普段の、秋のこの時期以外では、ナイトウルフの群れが出始めるこの時間帯は森に入れない冒険者は避ける時間帯なのだが、今の時期はナイトウルフも関係なく昼間に出てくるのだ。夜にまぎれて襲い掛かってくるナイトウルフは、大きな群れを作ることが多くあり、襲い掛かられると非常に危険なのだが、この時期は、繁殖の時期もあって、そこまで大きな群れを見ることもない。数が揃わないナイトウルフならば、森に出てくるグレーウルフの方が危険なのだ。それにチビ達とはいえ、こちらの数が揃っているのであれば、ナイトウルフはそう警戒するほど強くはない。ルイたちの様に何匹のナイトウルフに囲まれるって状況には、特にこの時期ならばないはずだ。
ナイトウルフは、普段は昼間には森の中にいて、夜に平原に出てくる。そして、冒険者の倒したゴブリンやコボルトを食べて生活している。なので別名を北の平原の掃除屋と、このアーノルド辺境伯領領都では言われている。それに貧民の農家にとってもありがたい存在なのだ。ナイトウルフは骨まで食べてしまう。そのおかげで、平原にする糞が良い肥料になるのだ。それに麦畑を踏み荒らすわけでは無いため、貧民の味方ともいえる魔物なのだ。ただ、このスタンピードの時期に群れを分割して繁殖をするのだが、この時期だけは昼間にも活動する。それにこの時期にある程度に減らしておかないと、ナイトウルフが増えすぎて問題にもなるので、この時期にはどんどん倒してしまった方がいいのだ。ナイトウルフの肉はあまりおいしくないが食べられるし、毛皮なんかも安いため、貧民の冬の服になるのだ。つくづく貧民に優しくおいしい魔物なのだ。
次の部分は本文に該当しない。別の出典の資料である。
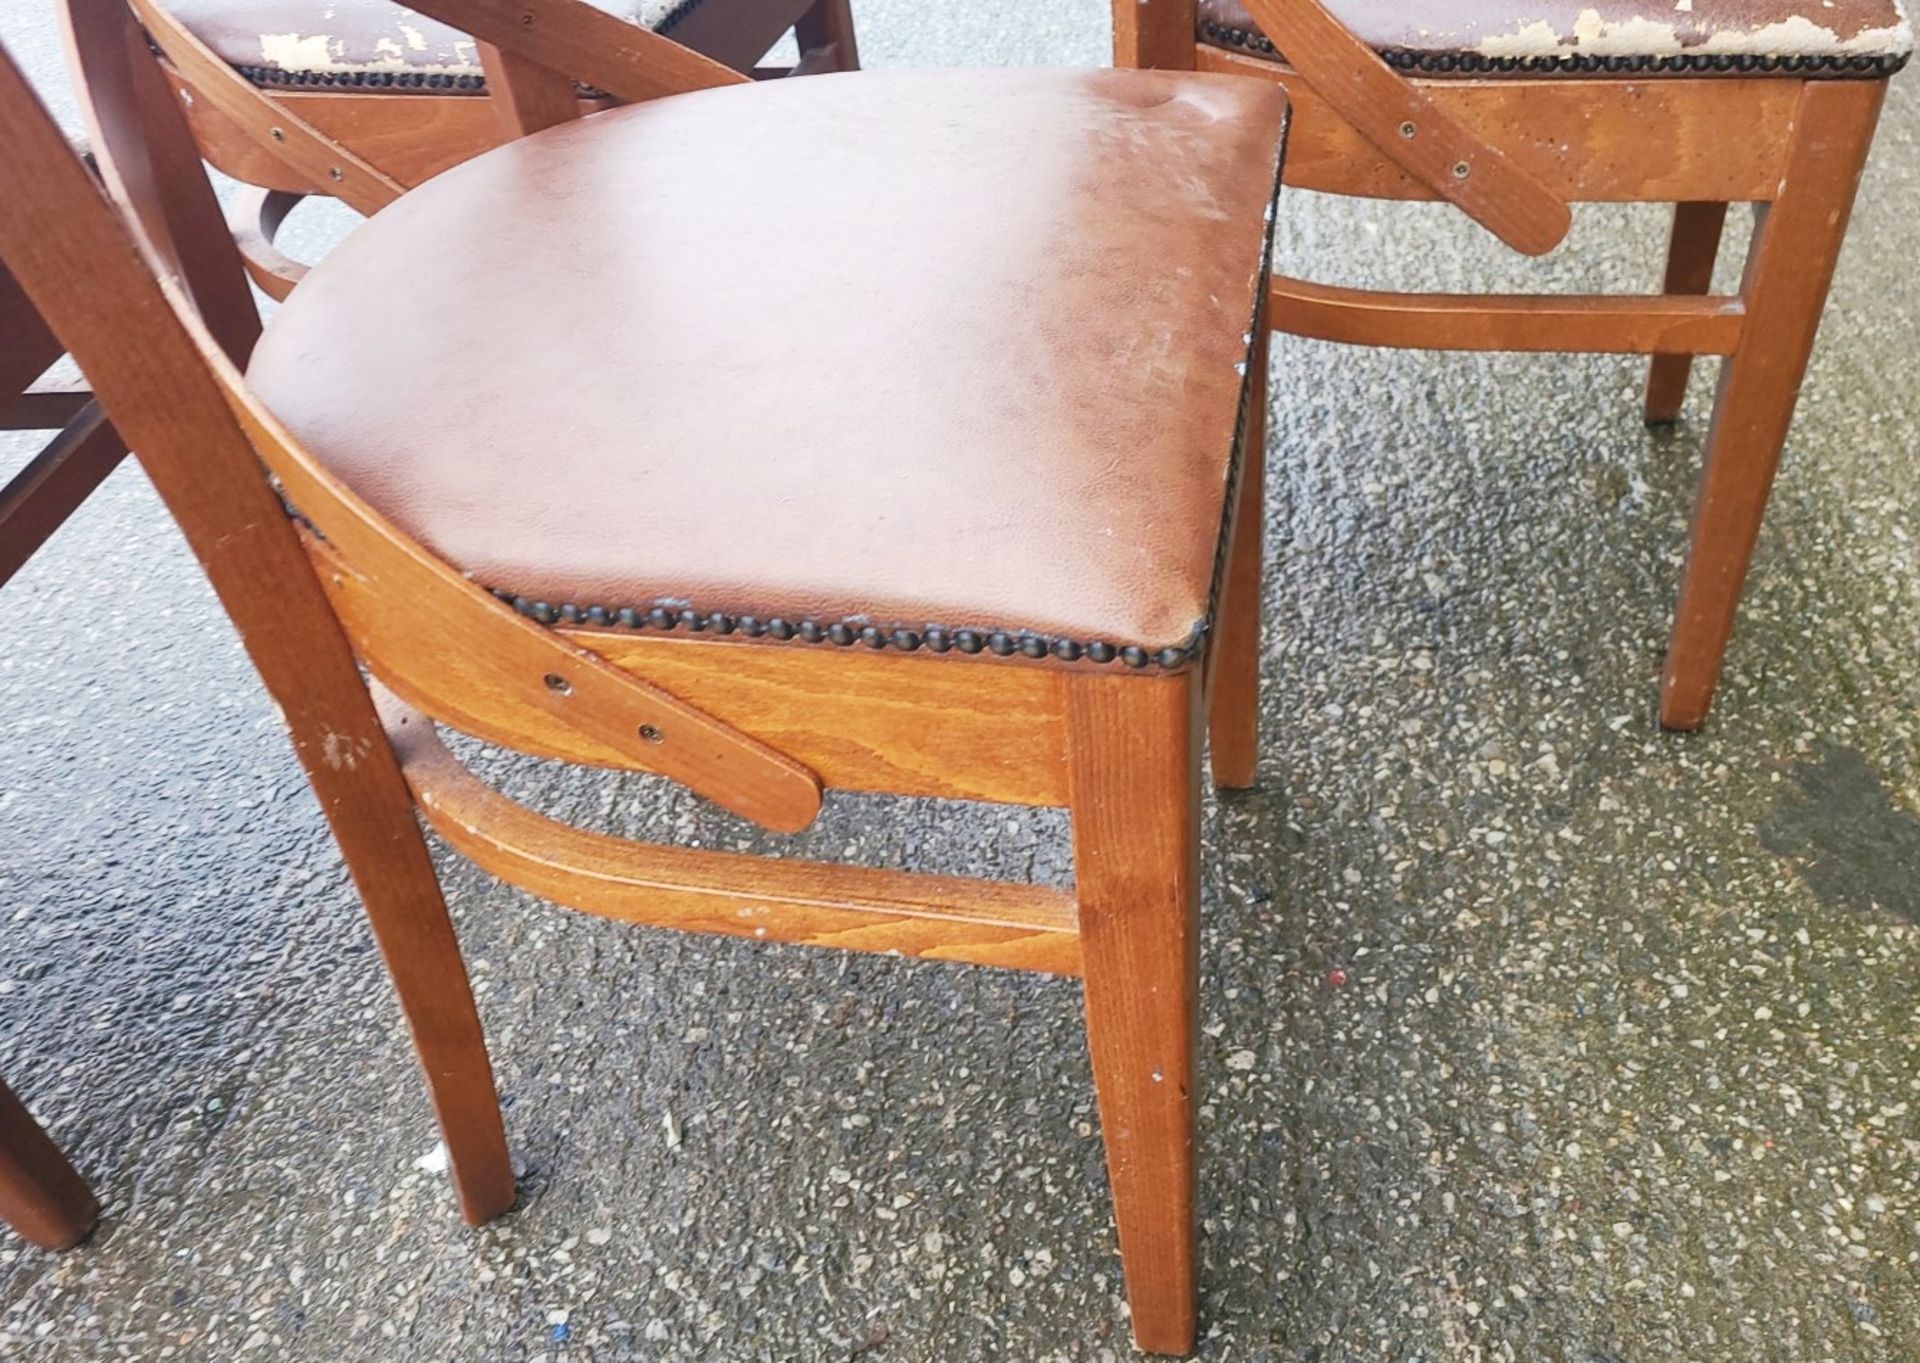 Set Of 4 x 'Leopold' Style Bentwood Side Chair In Walnut Stain & Faux Brown Leather Seat Cushion - Image 4 of 5

そんな訳で、冒険者組が帰ってきたということは、すでに他の冒険者や出稼ぎ農民たちが帰宅しているはずなので、治療院を利用する人も、もう殆ど平原には残っていないはずだ。だから治療院を閉める時間というわけだ。冒険者や出稼ぎ農民の時間が終わり、今からは貴族の私兵の時間なのだ。もちろん夜に活動する冒険者もいるが、そのために治療院を1日開けておくのは俺の体力が持たない。
4組すべて帰ってくると同時位に治療院を閉め、ソフィアが作ってくれた夕飯を食べて、風呂に入って寝る。これがここ3週間のサイクルになっている。後1か月ほどはこのサイクルになる予定だ。本格的なスタンピードになってきたら、チビ達は引っ込めてランデル達8人だけの出動になるが、オークが出てくるのであれば、収支はもしかしたら現在よりも多くなるかもしれない。それほどオーク肉はおいしく儲かるのだ。オークじゃなかったら地方から奴隷が出てきやすくなるから、それはそれで、奴隷商館としては儲かるかもしれないので、それはそれでと言ったところだろう。どっちにしても俺は儲ける。そういう気概でやっていこう。